In continuous probability, the cumulative distribution function is the accumulated probability up to the input, an integral of the probability density: the cumulative function equals the integral of the density. By this lesson, the derivative of the cumulative function is the density: the density is the derivative of the cumulative function, and the cumulative function is the integral of the density. Every PDF-and-CDF pair you encounter is an instance of the derivative of the area function equaling the original function. The same pairing appears whenever you track a running total against the rate that feeds it: a cumulative loss over training time whose rate of change is the current loss, a cumulative count whose slope is the instantaneous rate. Reading a loss curve and reading its accumulated version are two views of the same data, linked by exactly the theorem proved here, which is why a practitioner can move between a rate and its running total without ever recomputing from scratch.
Common pitfalls
Section titled “Common pitfalls”Treating the FTC as a coincidence to memorize.
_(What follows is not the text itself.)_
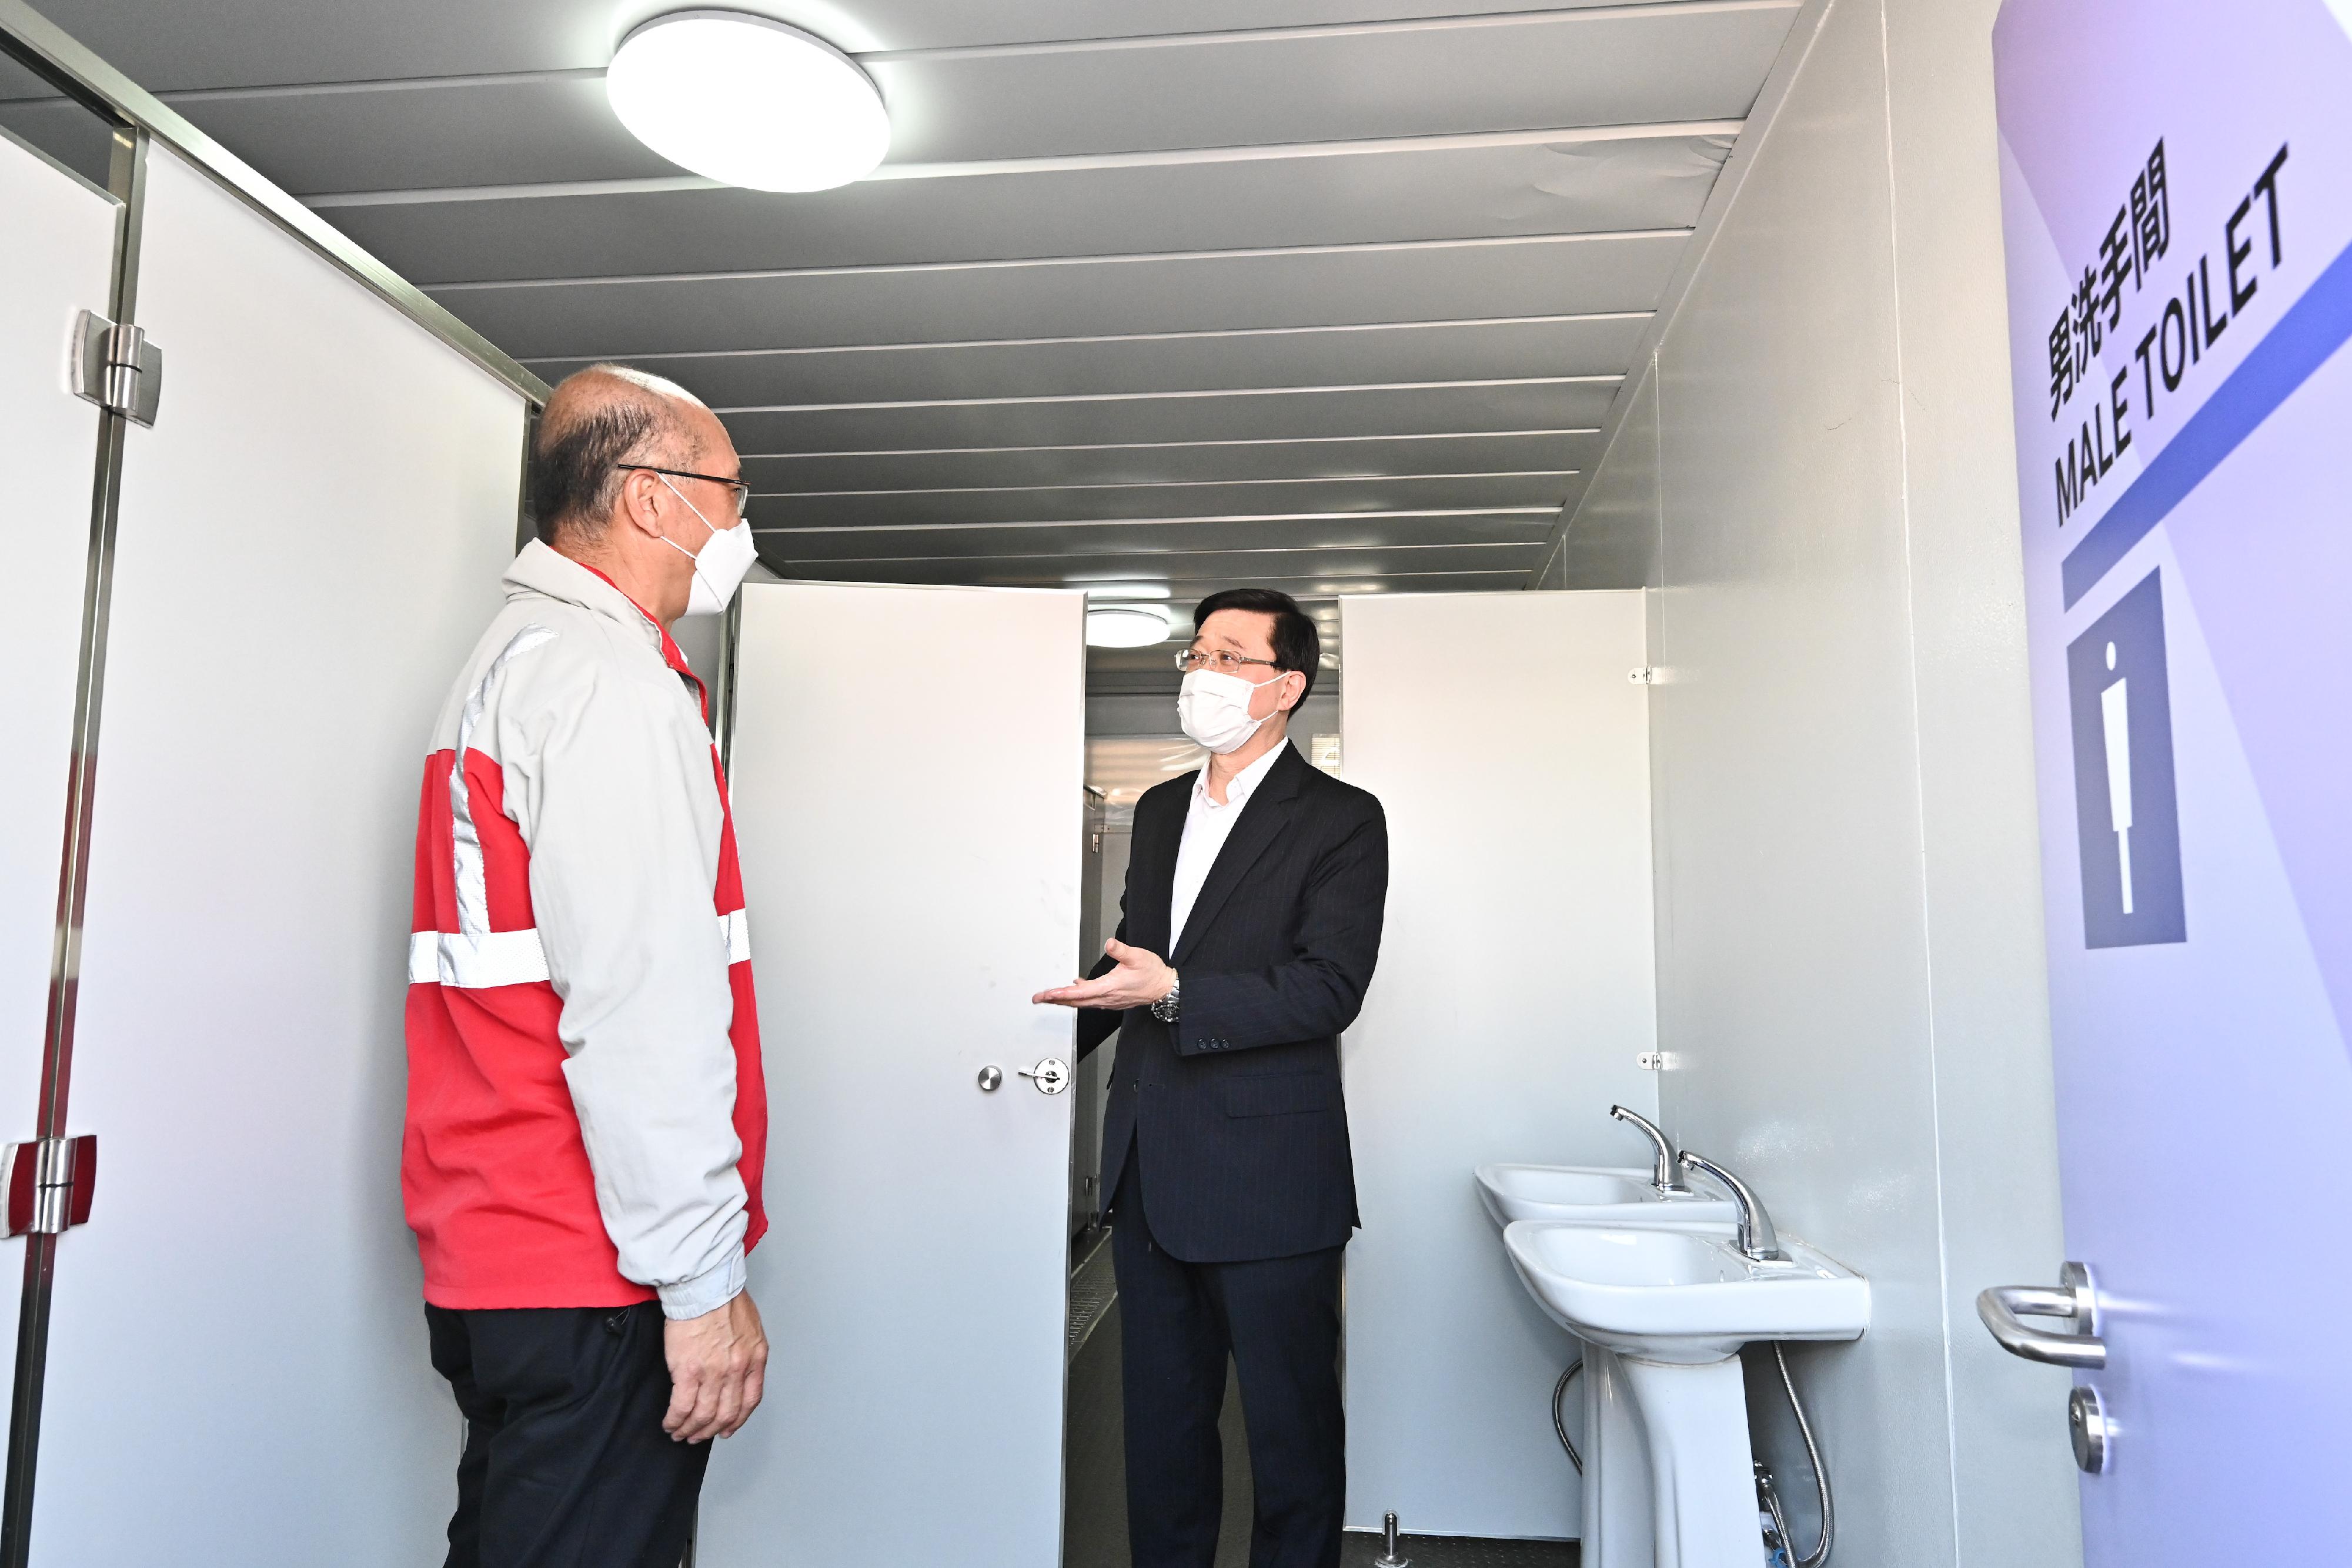 The Chief Secretary for Administration, Mr John Lee, this morning (March 12) visited the third community isolation facility constructed with Mainland support on the Hong Kong Boundary Crossing Facilities Island of the Hong Kong-Zhuhai-Macao Bridge. Photo shows Mr Lee (right), accompanied by a representative of the contractor, viewing the newly constructed facilities.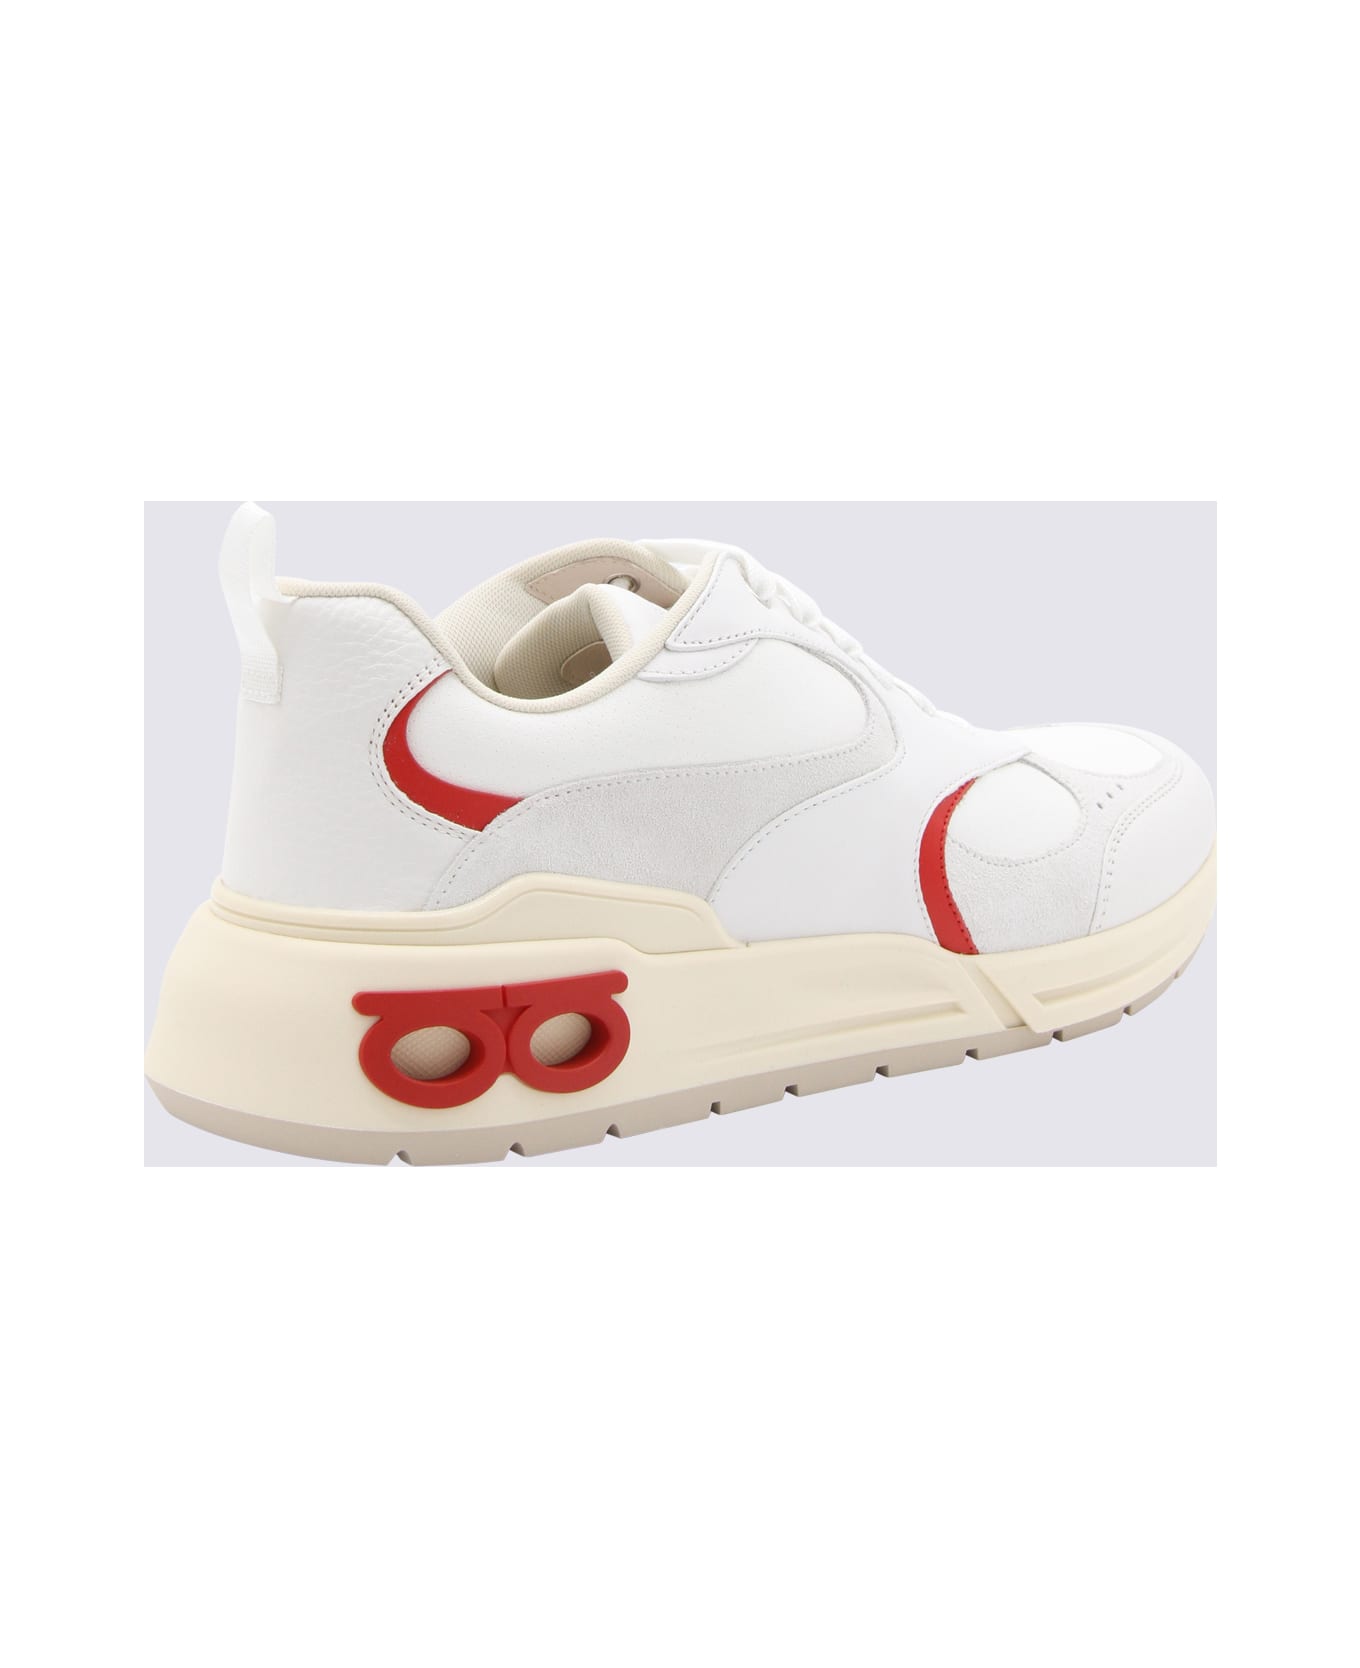 Ferragamo White And Red Leather Sneakers - White スニーカー

It is not a lucky formula; it follows from one fact, that extending an area by a tiny step in the input adds a rectangle of height equal to the function at the input. If you remember the sliver, you can reconstruct why the theorem holds.
Forgetting the area function depends on a choice of start. The area function, the integral of the function from the lower limit to the input, is measured from a fixed lower limit. Different choices of lower limit give area functions differing by a constant, which is exactly why antiderivatives carry a plus C and why the constant cancels when you subtract the antiderivative’s value at the lower limit from its value at the upper limit.
Confusing the curve with its area function. The original function is the height of the graph; the area function is the area accumulated under it. They are different functions, related by the fact that the derivative of the area function is the original function. The curve is the rate; the area is the total.
Thinking area and slope are different worlds. That is the intuition this lesson overturns. The slope of the area function is the curve’s height, so accumulation and rate are inverses, not strangers.
What you should remember
Section titled “What you should remember”- Define the area function as the integral of the function from the lower limit to the input, the area accumulated up to a moving right end. Extending it by a tiny step in the input adds a thin rectangle of height equal to the function at the input, so the change in the area function is approximately the function at the input times that tiny step, and in the limit the derivative of the area function is the original function: the derivative of the area function is the original curve.
- That single fact is the fundamental theorem. Because the area function is an antiderivative of the original function, any antiderivative gives its value at the upper limit minus its value at the lower limit, which equals the integral of the function from the lower limit to the upper limit. Integration and differentiation are inverse operations because the slope of an accumulated area is the thing being accumulated.
- In everyday terms, the rate a total accumulates is the thing accumulating: the bucket fills at the tap’s flow rate. In machine learning this is the PDF-and-CDF pairing (the derivative of the cumulative function is the density) and every running-total-versus-its-rate relationship you read off a curve.
Area and slope turned out to be one idea seen twice: the slope of the accumulated area is the curve itself. The first lesson noticed this on a circle; this lesson proved it for everything. With both halves of calculus built and bound together, the final two lessons go deeper into rates, first higher-order derivatives, then the Taylor series that approximates any function from them.